Morssen left the rest of the building as is though he installed a piping system and spruced up the aging furniture. He split the attic into three parts, for a total of six apartments and three attics.
He broke out the wall with the main door and replaced it with a class-work lattice. The part of the first floor that still had a roof was turned into two small shop lots.
He rented out the rooms and shops as soon as the renovations were complete. No one knew what was going through his head.
The renovations were completed in the 21st year of Stellin IX’s reign. Aueras grew stronger years on year, especially with their overwhelming victory over their enemy, Nasri, and the annexation of Berkeley. With it, Aueras became the continent’s lone superpower.
Trade prospered within the kingdom and its subjects lived bountiful and stable lives. The crafting and mining industries peaked and opulent displays were ubiquitous. As for Whitestag Town, which stood at the intersection of all the big trade routes between the three prefectures, it became a big town, a hive of merchants and travellers.
The entire mansion was booked within a day. The young man was far more adept at business than his father and grandfather. He was pragmatic and open-minded. His setup gave him a stable income and ensured he would never end up in his father’s position. Most importantly, and he was very proud of this fact, it did so without taking up his day. It gave him the freedom to pursue public service, which would let him climb the social ladder, without having to worry about his income.
The news of his renovation was still criss-crossing the town when Morssen turned his sights on the town’s chief administrator position. Being one of the first batches of students to graduate from the new schools, even being a peasant did not make his approval process difficult.

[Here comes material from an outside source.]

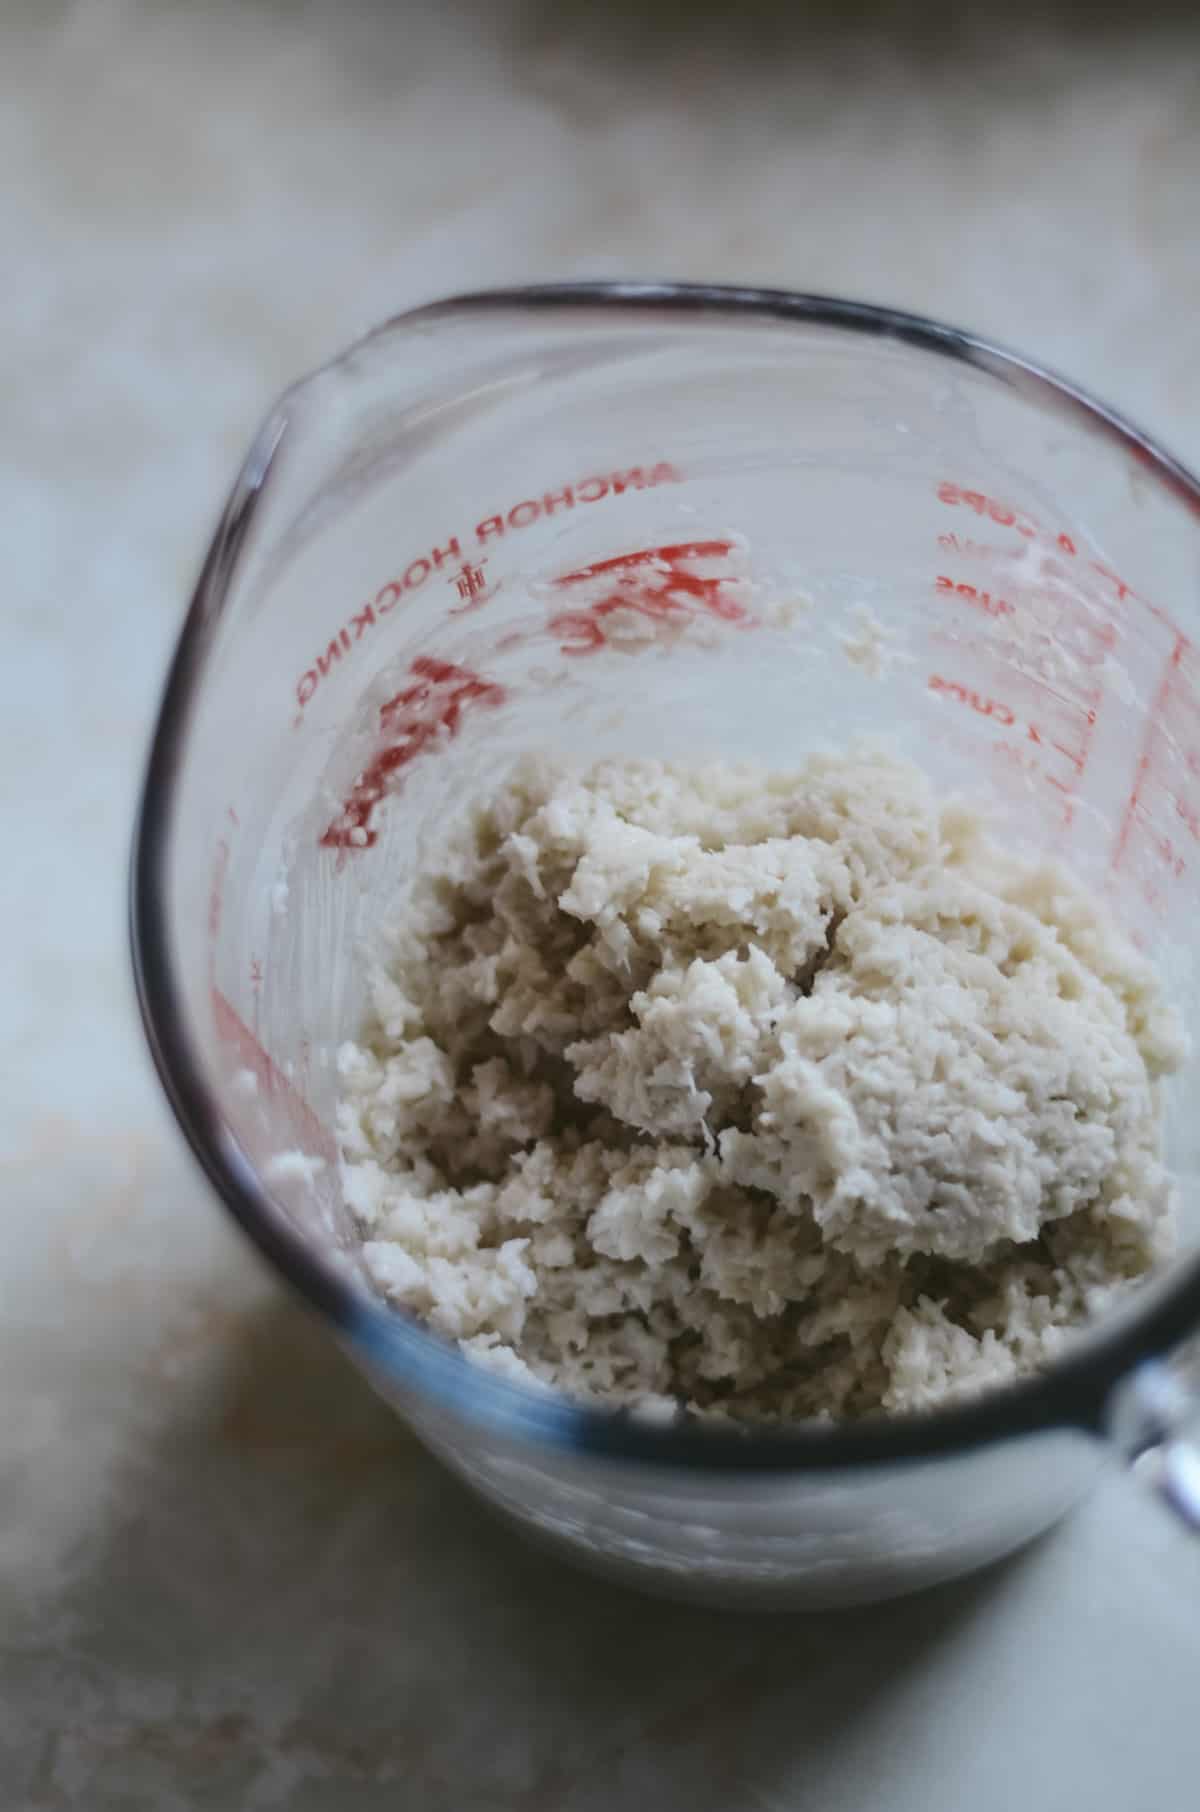 Mixing coconut milk and desiccated coconut in a glass measuring cup.
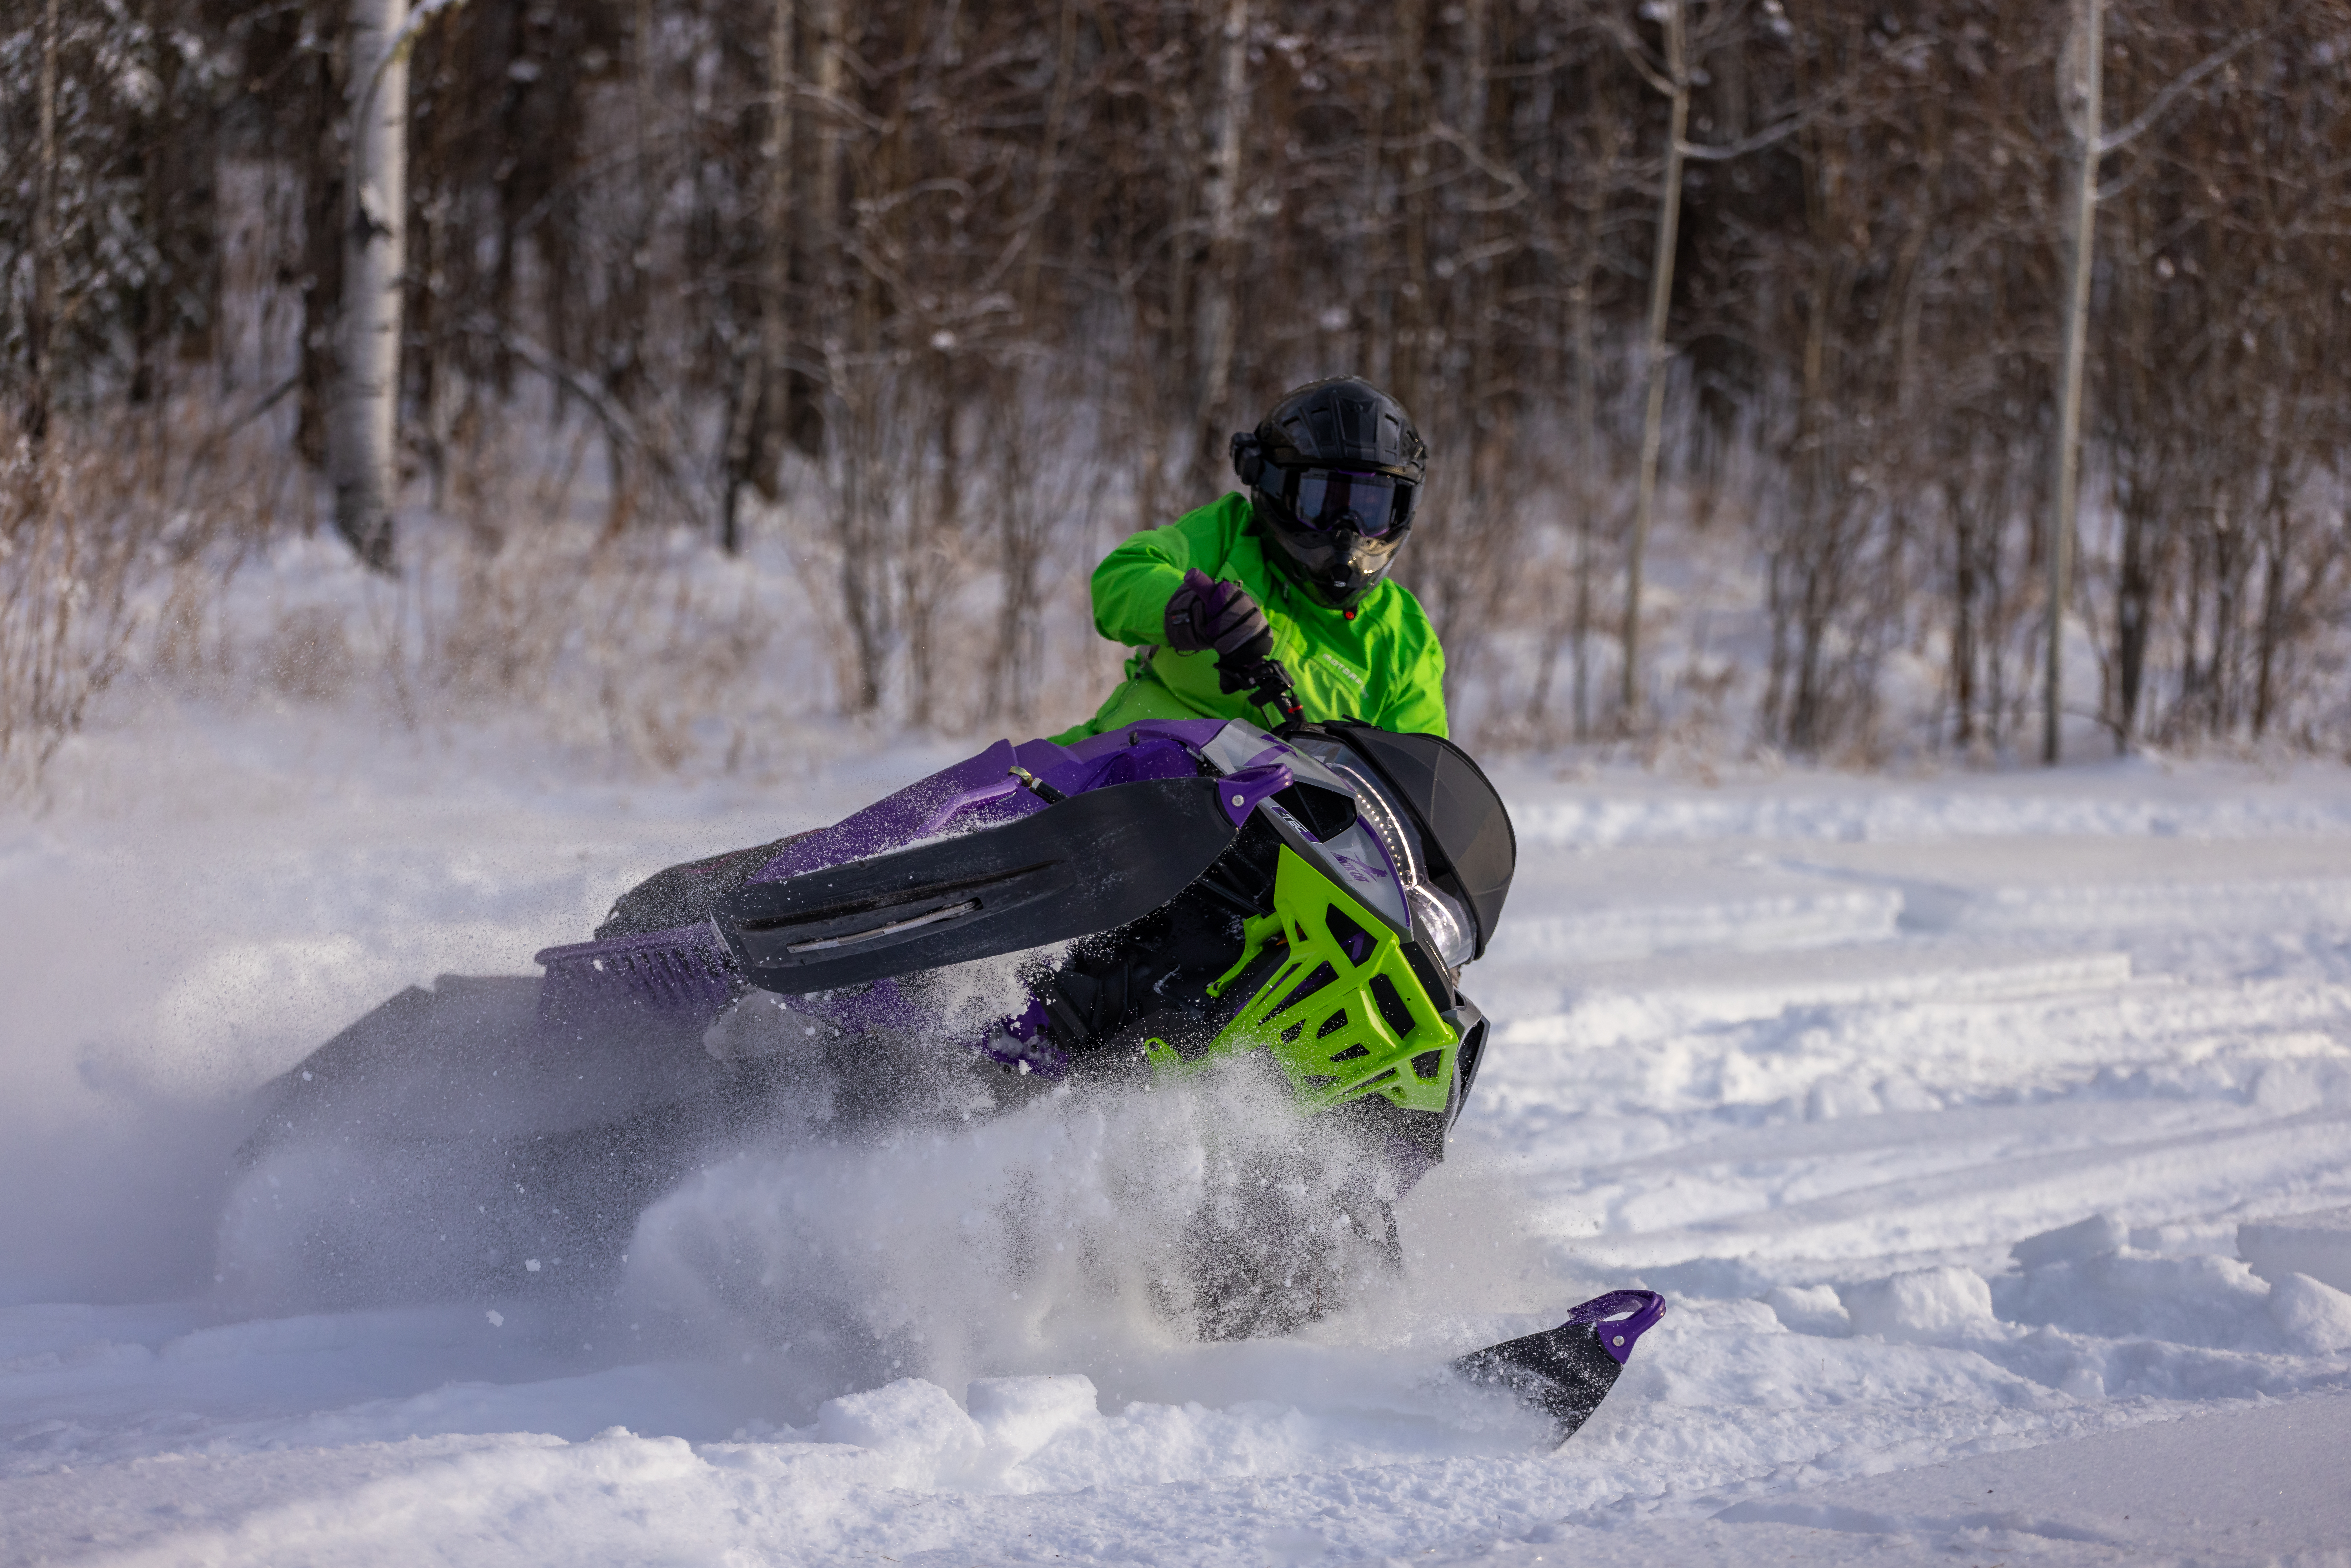 A snowmobiler cuts into the snow on a sharp turn

A key part of Stellin IX’s reforms was his reform to the caste system, the foundation of which was the Rights of the Four Castes, a law outlines the new caste system and the rights and limitations of each caste. The old caste system was thrown out and replaced with a new four-tier system. From highest to lowest, the four social classes were nobility, dignitry, peasantry, and villainy; their members called nobles, dignitarians, peasants, and villains, respectively.
Educated as he was, Morssen could see things that most couldn’t. While most of the townsfolk were satisfied with their status as peasants and thankful for the king’s loosening of labour restrictions, Morssen had his eyes on becoming a dignitarian. He wanted to ride the wind of the Rights of the Four Castes and become a dignitarian to obtain more political power.